I will give kernel 5.4 a try, but it will take me at least a week to merge my other changes and run the tests.
Any suggestions?

  • Hi Markus,

    What kind of test program do you run? Can you connect the lan9500 device to an AM3352 EVM (for example the GP EVM or Beaglebone Black) to run your test? By this I think you don't have to spend time to merge your changes.

    I would recommend to test TI 4.19.y kernel and community v5.6 kernel. I think there were some CPPI41 DMA driver patches added in the recent kernels. If the issue still happens with the latest TI and community kernels. The next step would be to connect a Lecroy usb protocol analyzer to capture the usb bus traffic, but it still would be challenging to figure out how to trigger the analyzer to stop once the problem happens, because you mentioned the issue takes hours or weeks to happen.

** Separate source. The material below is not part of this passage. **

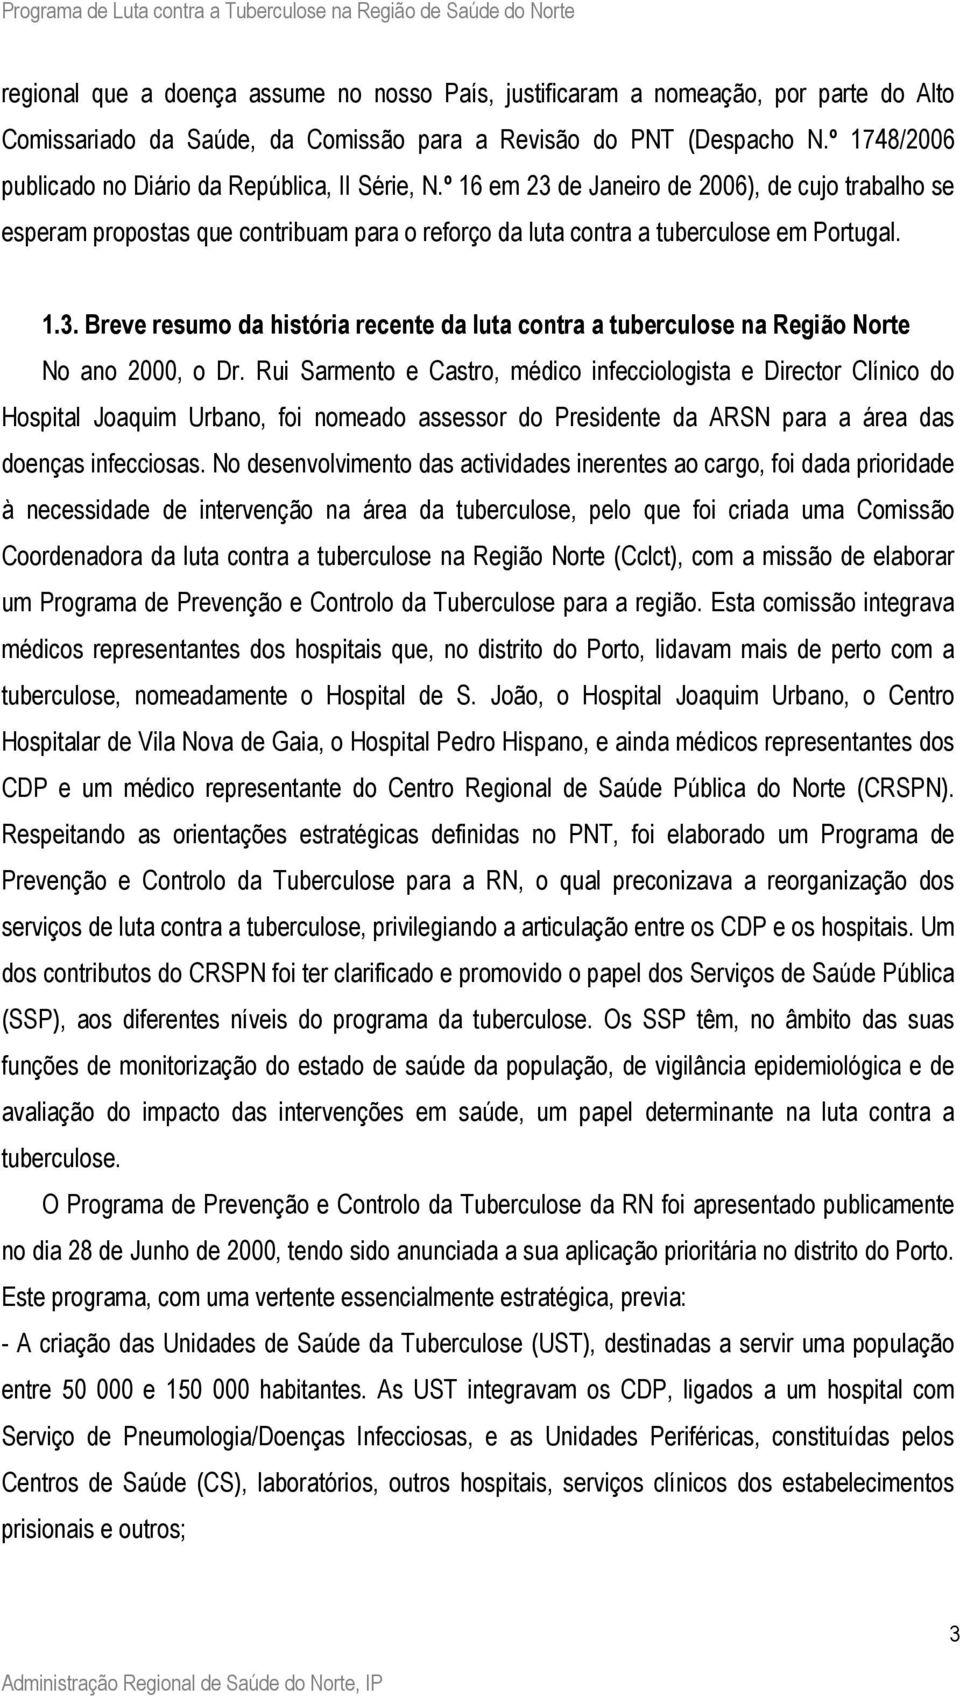 Rui Sarmento e Castro, médico infecciologista e Director Clínico do Hospital Joaquim Urbano, foi nomeado assessor do Presidente da ARSN para a área das doenças infecciosas.

  • Hi Bin thank you for your comment.
    I forgot to mention that I was not able to trigger the error with any deterministic test program yet. A busy corporate network, or PLCs talking Profinet can trigger the error. I'm suspecting the broadcast and multicast packets to trigger the error. It is a 4 port switch, so the kernel would send 4 packets "at once".
    I have a BBB with 5.6 community kernel and 2 consumer lan9500 devices attached running now. I might be able to mimic the behavior of the DSA with a bridge with lots of vlan interfaces.
    I don't see why a USB analyzer would help, if it runs perfectly smooth with DMA disabled.
    The cppi41 fixes you were refering to, are already included in 4.14.152, I think. There were other musb fixes in .165 and .172, at least I saw 2 other issues solved. There was a high load when disconnecting a wireless modem and a LAN7850 did not work properly, when connected through a USB hub.

  • Hi Markus,

    A USB analyzer provides USB bus traces, which could help me to understand the data pattern in your use case.This is typically the first step of the debug process.

    Please let me know your test result with BBB. If you could reproduce the symptom with BBB or AM335x GP EVM and I could replicate the same, it would help me to debug the issue locally.